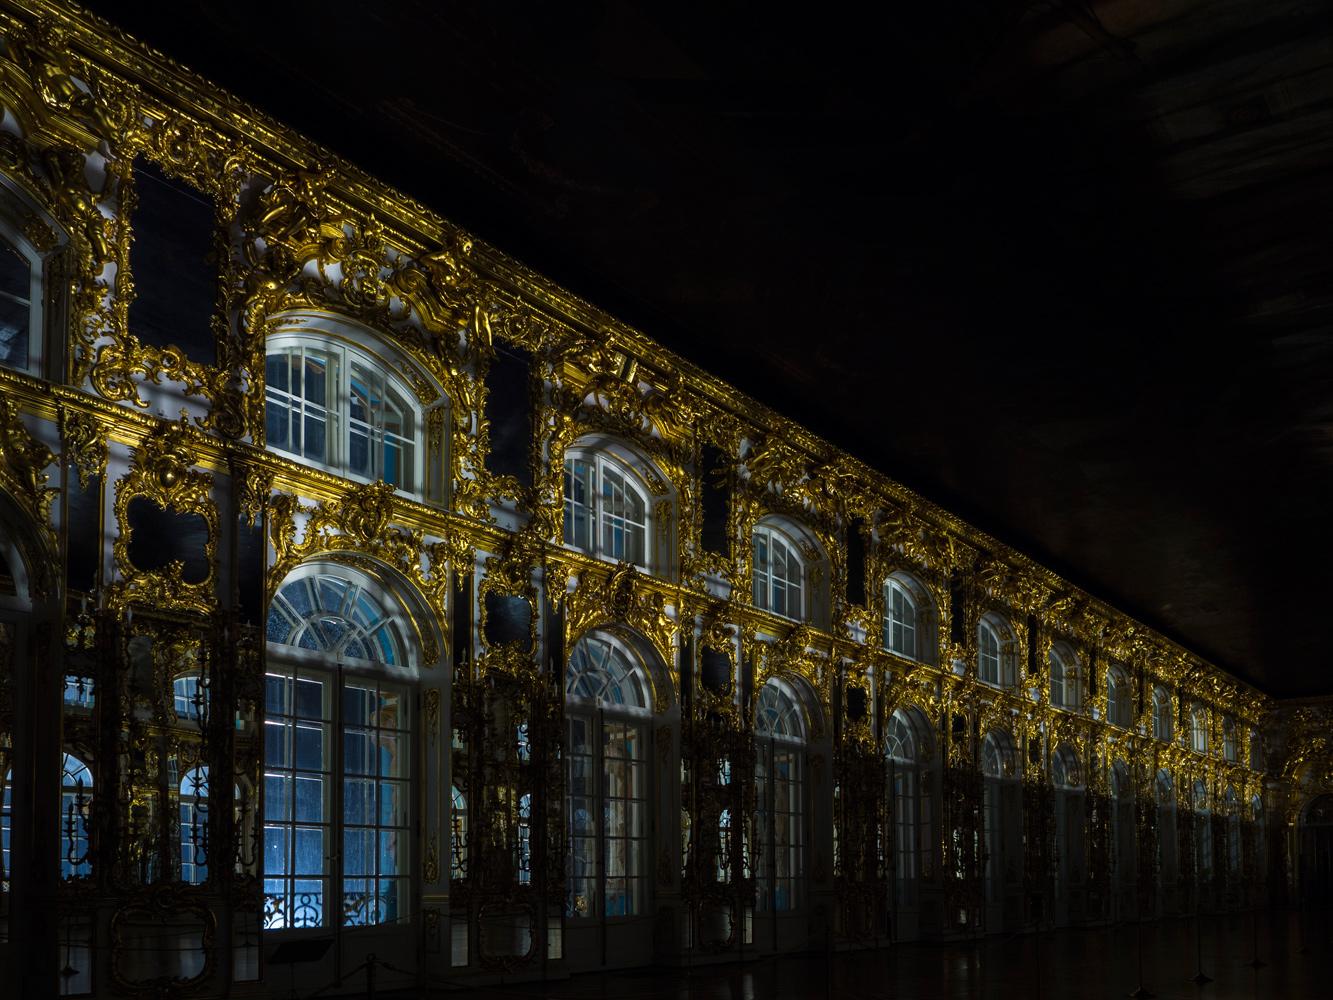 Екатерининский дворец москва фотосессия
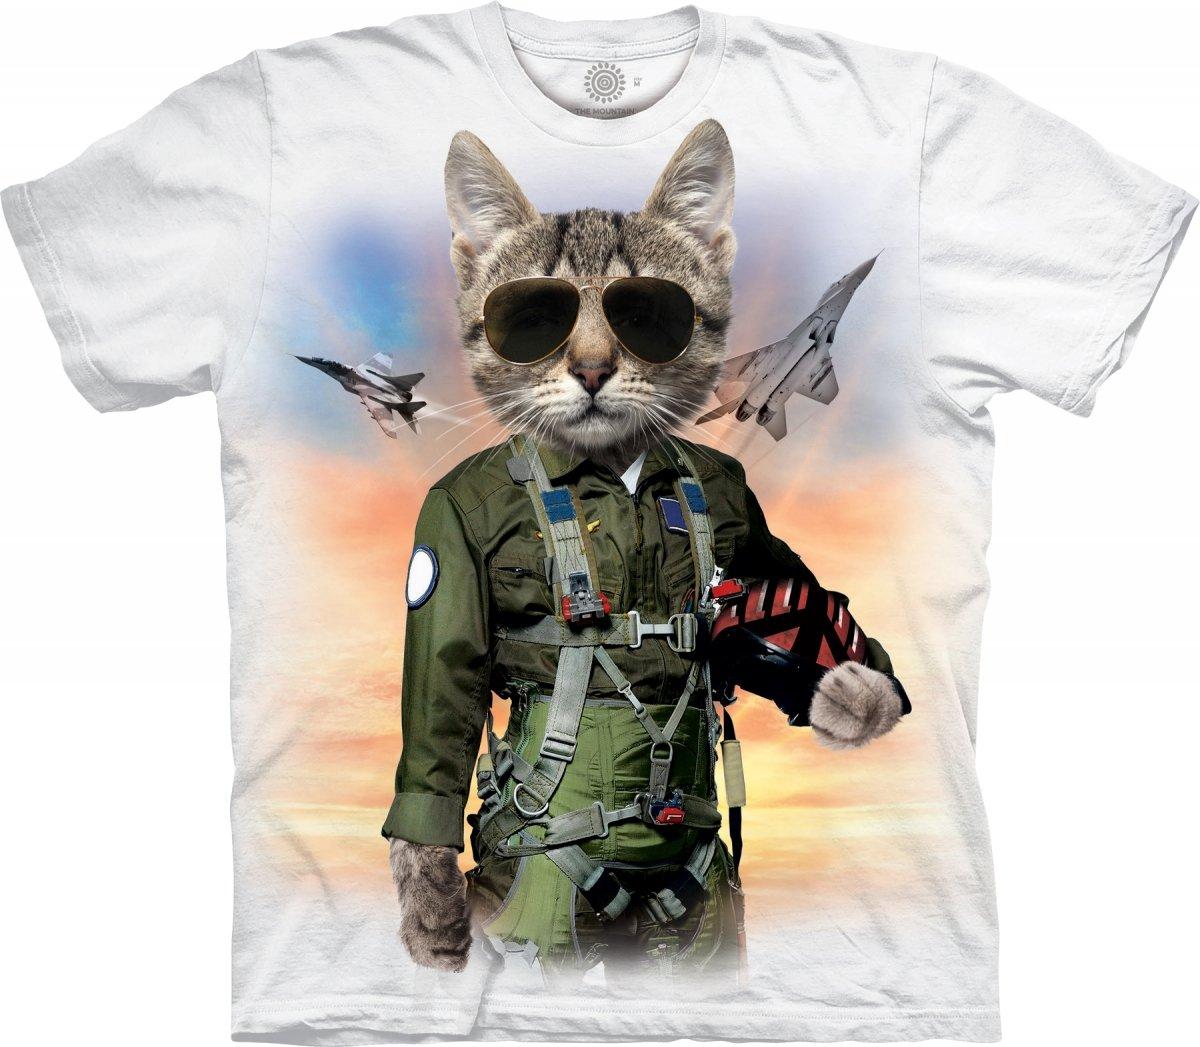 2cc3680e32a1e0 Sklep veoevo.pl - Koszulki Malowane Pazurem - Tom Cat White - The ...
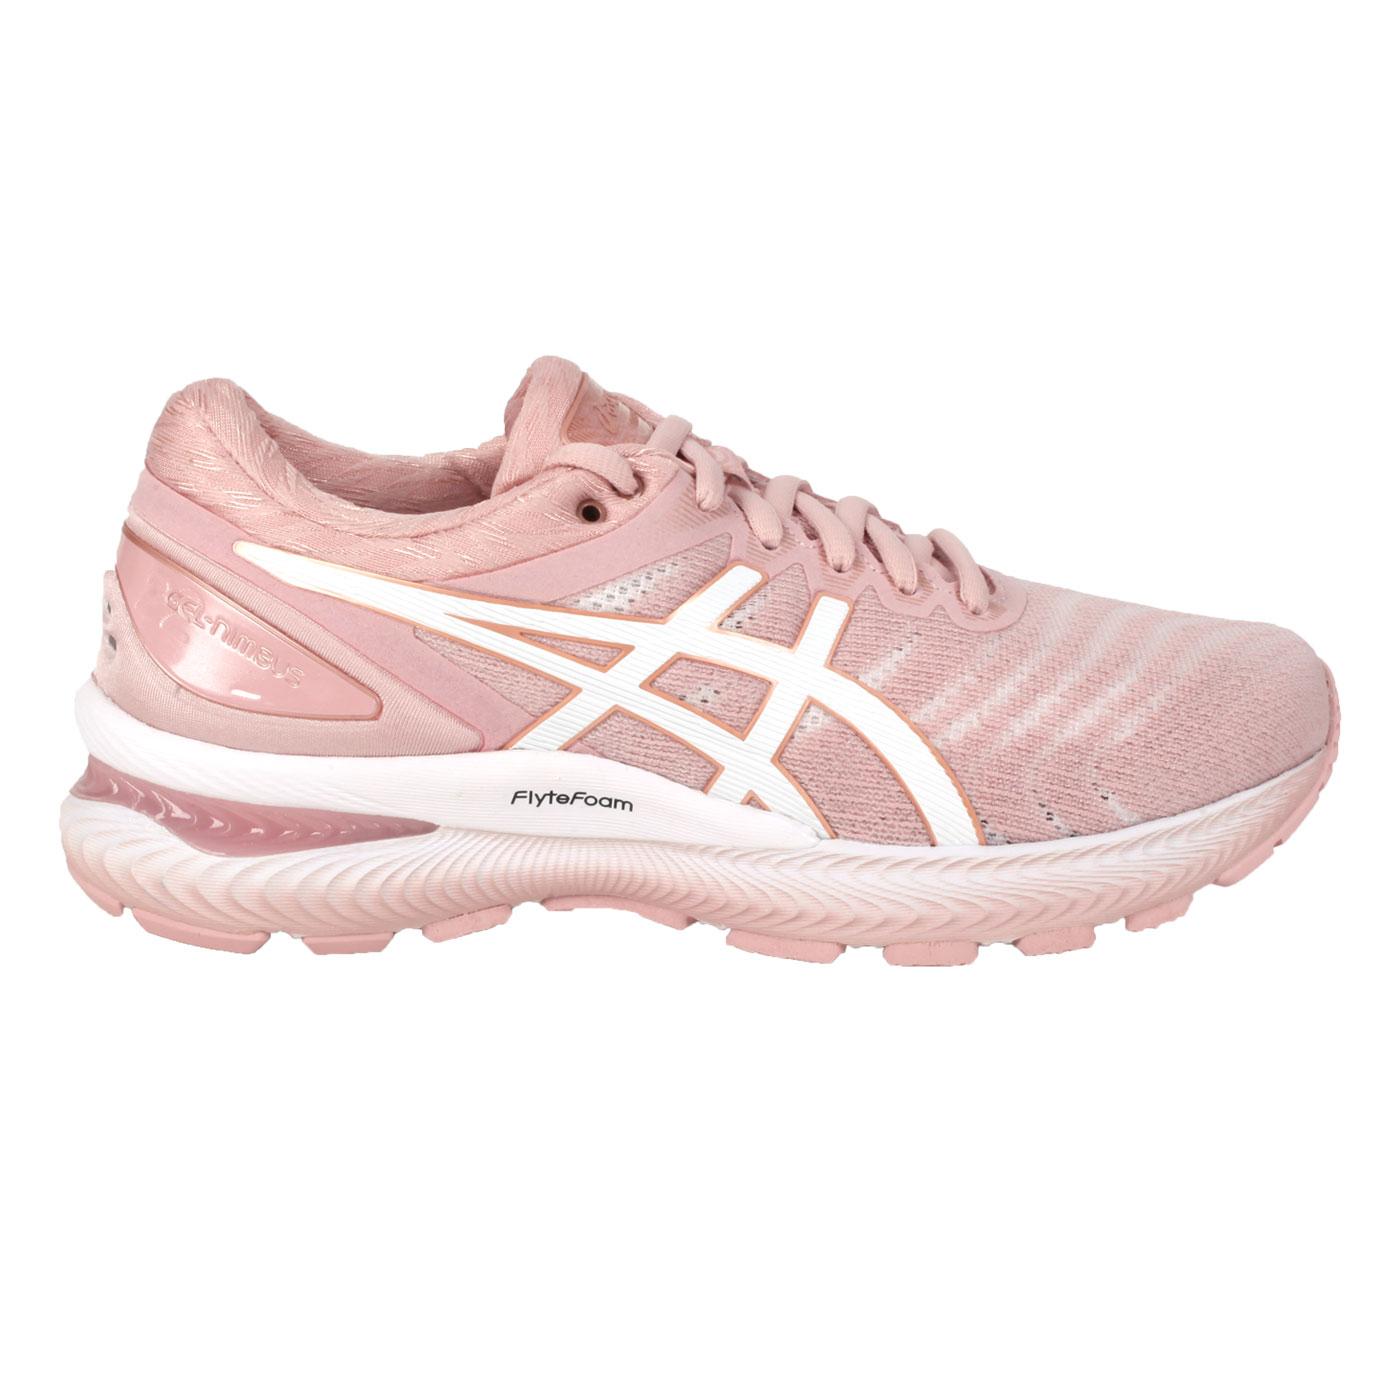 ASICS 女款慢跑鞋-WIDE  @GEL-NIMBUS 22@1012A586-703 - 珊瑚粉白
---+---
- Task item
Return the material above verbatim, minus the pictures.

- Response
 Екатерининский дворец москва фотосессия
 2cc3680e32a1e0 Sklep veoevo.pl - Koszulki Malowane Pazurem - Tom Cat White - The ...
 ASICS 女款慢跑鞋-WIDE  @GEL-NIMBUS 22@1012A586-703 - 珊瑚粉白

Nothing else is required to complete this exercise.